Optoelectronic and Dielectric Properties of Tenorite CuO Thin Films Sprayed at Various Molar Concentrations
Abstract
The work in hand presents the elaboration of CuO thin films using a home-made spray pyrolysis technique at room atmosphere. The films were synthesized on preheated glass substrate at 450 °C. The source solution molarity was varied from 0.025 to 0.1 mol/L. The films were characterized by employing X-Ray Diffraction technique, UV-Vis-NIR spectrophotometry, Scanning Electron Microscope imagery, Energy Dispersive Spectroscopy, and four-points probe techniques. The X-ray diffraction analysis confirmed that all films are polycrystalline with a preferred orientation along the plane (−111) of the monoclinic crystal structure phase of tenorite (CuO). The SEM images showed a homogeneous and smooth surface. Crystallinity and grain size were improved. The rise of solution concentration induced a reduction of transmittance and reflectance in the visible region. The energy gap, the absorption coefficient, the extinction coefficient, refractive index, dielectric constant (ԑr and ԑi) and loss energy were estimated from transmittance and reflectance data. The gap energy decreases from 2.72 to 2.56 eV. The film deposited for 0.025 mol/L exhibits the highest real part of the dielectric constant (ԑr ~ 17).
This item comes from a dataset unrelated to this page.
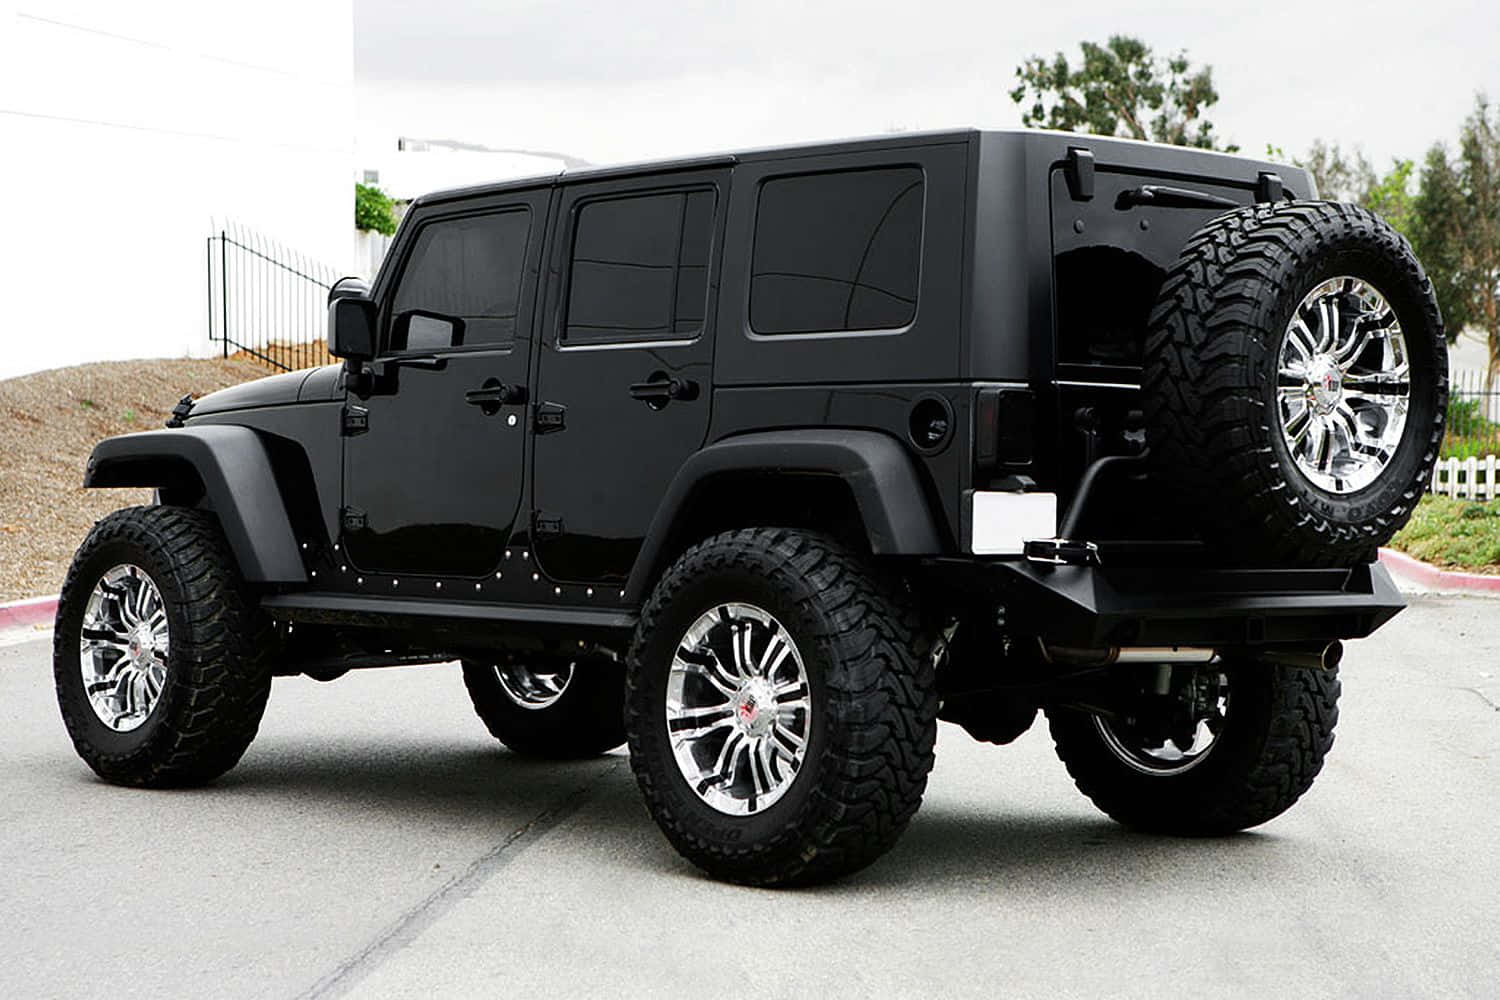 Explore the open roads with a sleek black Jeep.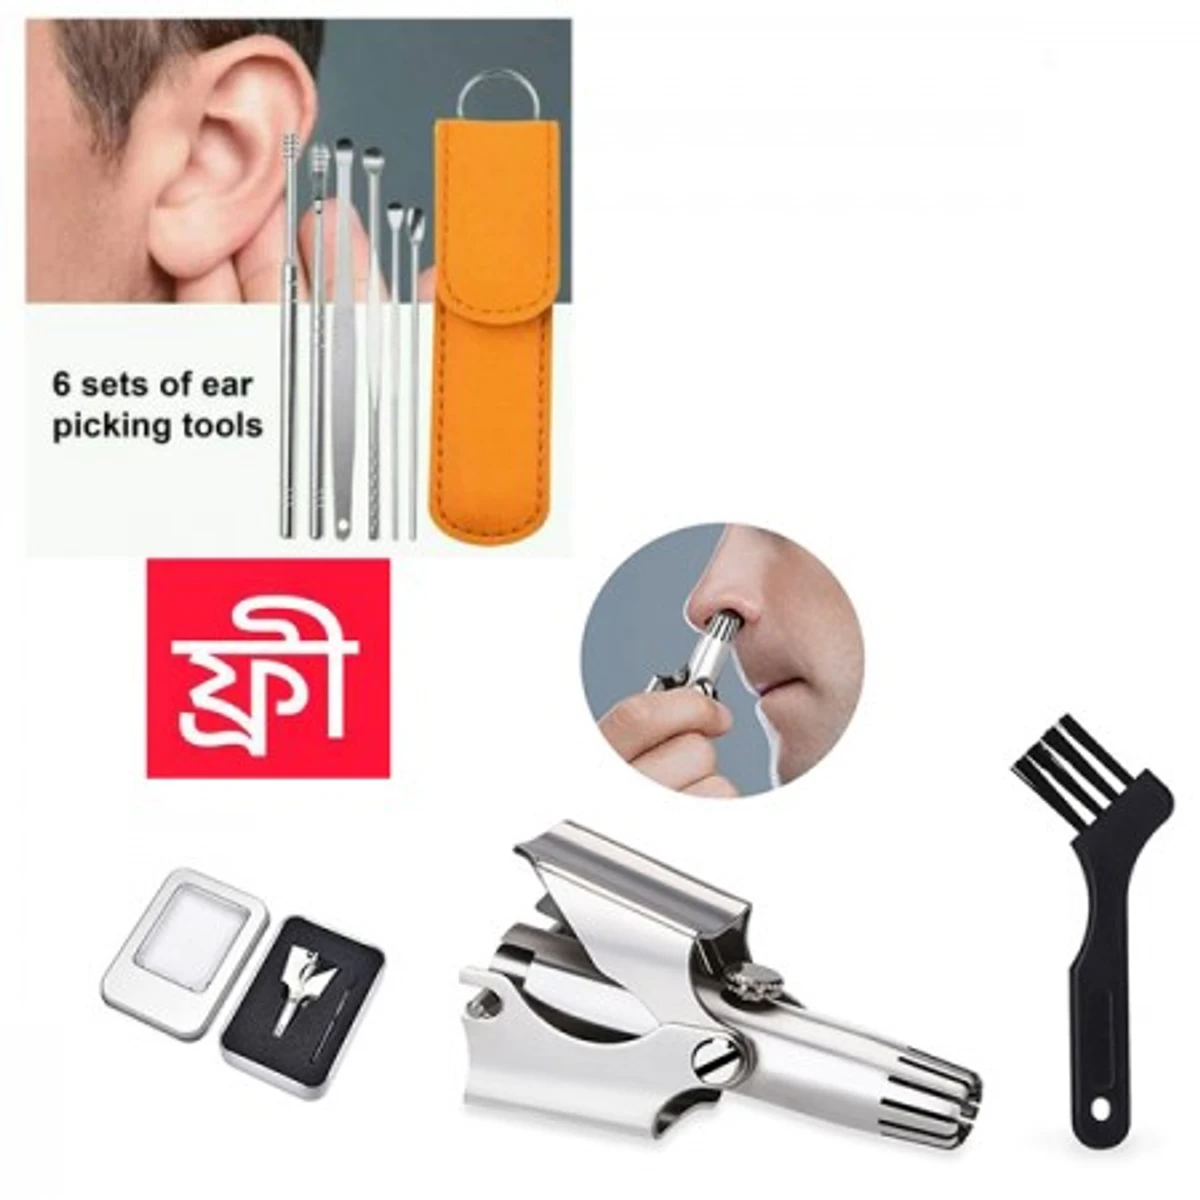 Free 6 Ear Cleaner set With Manual Nose Ear Hair Trimmer (Buy 1 Get 1 Free)

The film resistivity which is in order of 102 Ω cm decreases with the increase of molar concentration. The estimated dielectric constant indicated that the resulting CuO thin films could be used as dielectric layers for optoelectronic devices working in Vis-NIR region of radiation. Furthermore, the relatively high band gap, high absorption coefficient and high conductivity of the film obtained at 0.075 mol/L, make them good candidates as absorption layers in solar cells applications.